Honestly, it’s all in the lighting. There were two sources of light in the image that really help to sell it. The first light source was the aforementioned battery operated LED pin lights sitting underneath, and the second light source was natural light from a nearby window behind him. It was later in the afternoon when I shot this, and that window was on the side of the building opposite the sun, so I was getting a nice ambient light through the blinds. These two lights sources illuminate the T-Rex from the sides, which is exactly what you want when trying to exaggerate and show off texture and definition. Also, by not lighting him from the front, it retains that air of mystery, letting you see him, but hiding just enough in shadow to not reveal too much.

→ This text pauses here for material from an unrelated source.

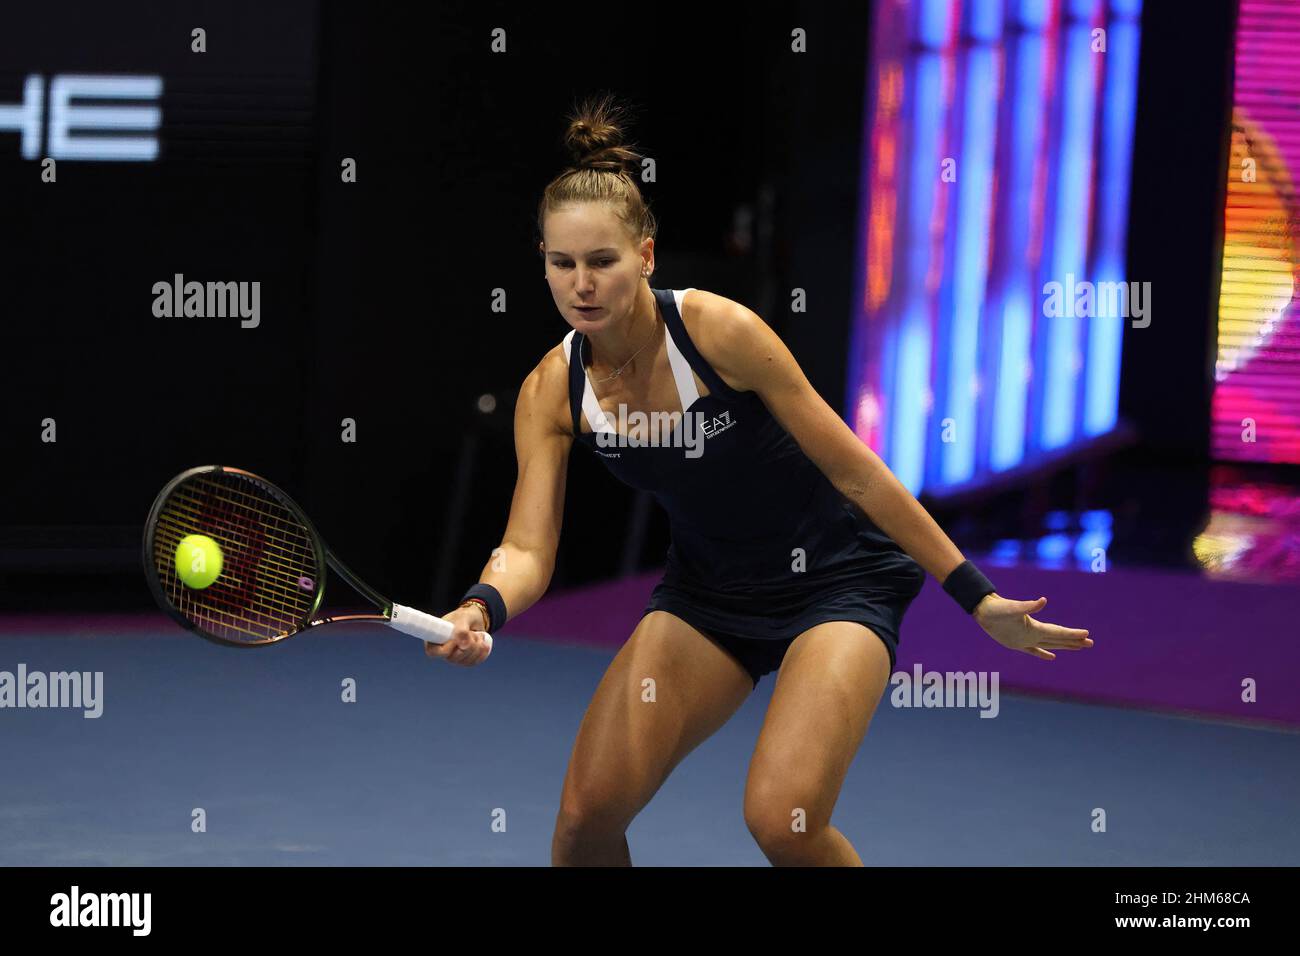 Veronika Kudermetova of Russia plays against Belinda Bencic of Switzerland during the St

A “happy accident,” as Bob Ross would put it, was that the color temperature of the LED pin lights was warm. Really, really warm. It was way too orange. So when I started adjusting the white balance manually on the camera, and thus “cooling off” the LED light temperature, the light from the window (which was cooler in temperature than the pin lights) turned blue. It’s a fun trick I use sometimes with a flash gel, but in this instance it was completely unintentional. But hey, if happy accidents are good enough for Bob Ross, they’re good enough for me!

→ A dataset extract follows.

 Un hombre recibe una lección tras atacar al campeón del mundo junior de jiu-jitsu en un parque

You probably noticed in the desk photograph that the wall was a light beige color. It picked up both the light from the LED and the outside light. That gradient in the background was in-camera. The pink and bright blue toward the bottom? That’s the color of the horizon shining over a blue ocean. Just kidding, it’s the calendar on the desk that I didn’t bother to move out of the shot because I was lazy. But hey, Bob Ross, remember?

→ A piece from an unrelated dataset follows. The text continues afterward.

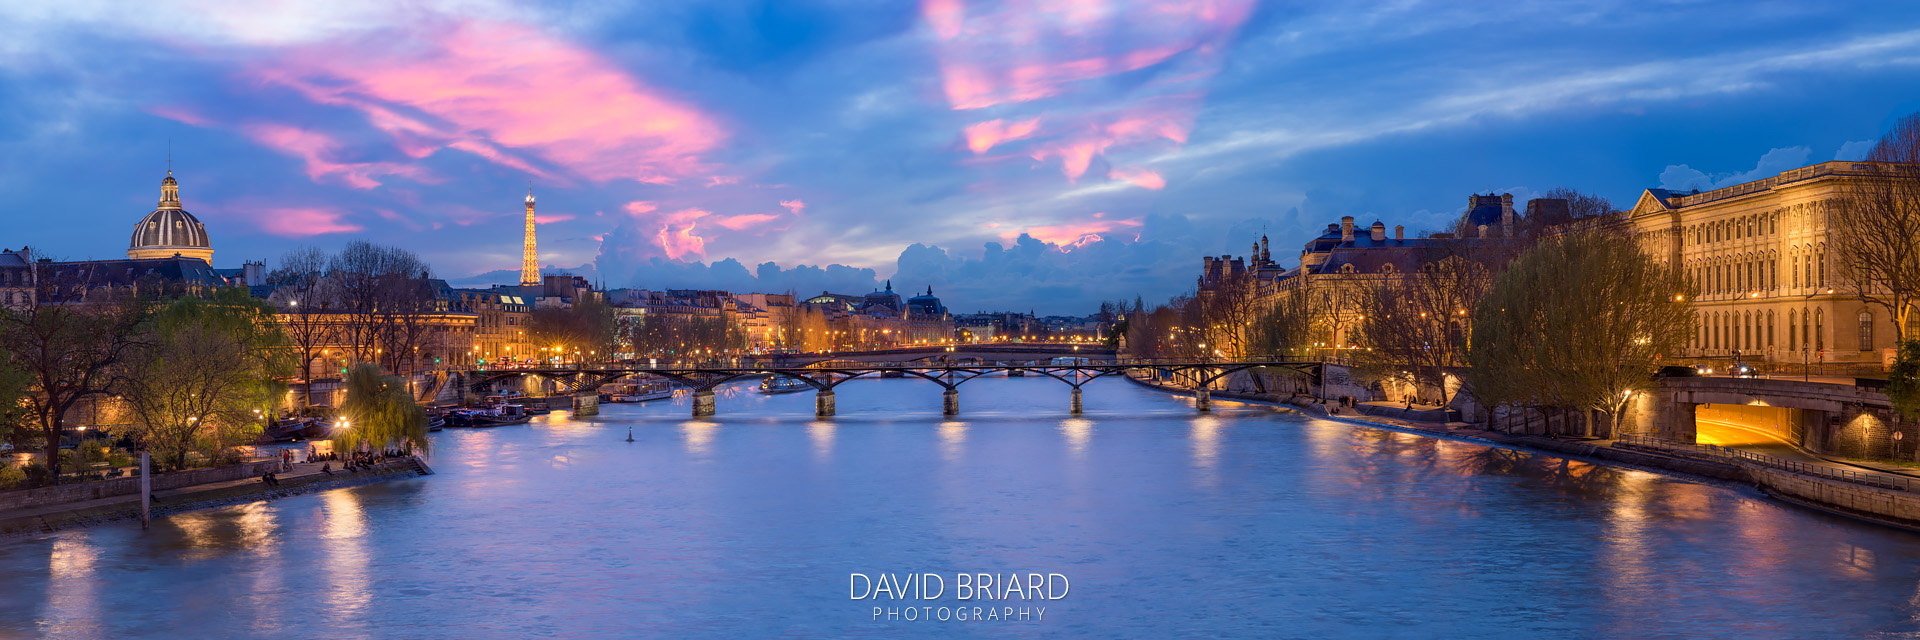 Pont des Arts at night © David Briard

As for the camera settings themselves, I used my Nikon D800 with a 50mm prime lens, at f1.8, focused on the eye of the T-Rex. I can’t remember the shutter speed or the ISO, and honestly, they don’t matter here. What does matter is that f1.8 aperture. That is what gives the photograph the extremely shallow depth-of-field (DOF). It’s why parts of the moss and the hind-quarter of the T-Rex are out of focus. Again, no photoshop blur filter here, just in-camera focus. Aside from some basic brightness/contrast adjustments and a little bit of color tweaking, all of the effects seen in the photo are done in camera, except for one…
The clouds are fake. Now, I know I’m good, but I didn’t have any cotton, and I still have yet to figure out how use my Harry Potter wand to conjure cirrus clouds on a whim in a small two-bedroom apartment. The clouds were a last-minute decision, and they were done as a means of adding just a little bit of drama to the otherwise empty sky. Maybe it was the landscape photographer in me, but I needed clouds. They were added via a simple cloud brush I found online. I installed the brush, set the color to white, click-click, BAM! Clouds.
And that’s really all there was to it. One of the greatest things about this photograph is how much it doesn’t look like a photograph. I love it. Hopefully you do as well, and I really hope this maybe inspires you to try something new with your camera, get out of your comfort zone and have some fun with it. So get out there and shoot. Or stay in and shoot. It really doesn’t matter.
If you read this all the way to the end, thank you so much for sticking around. I debated for a while on whether or not to post this article. It’s very candid and light-hearted. Let me know if you’d like to see more serious takes on photography, or if things like this hold more value to you. In the end, I’ll do what I do, but it’s always nice to get feedback. Thanks for your time!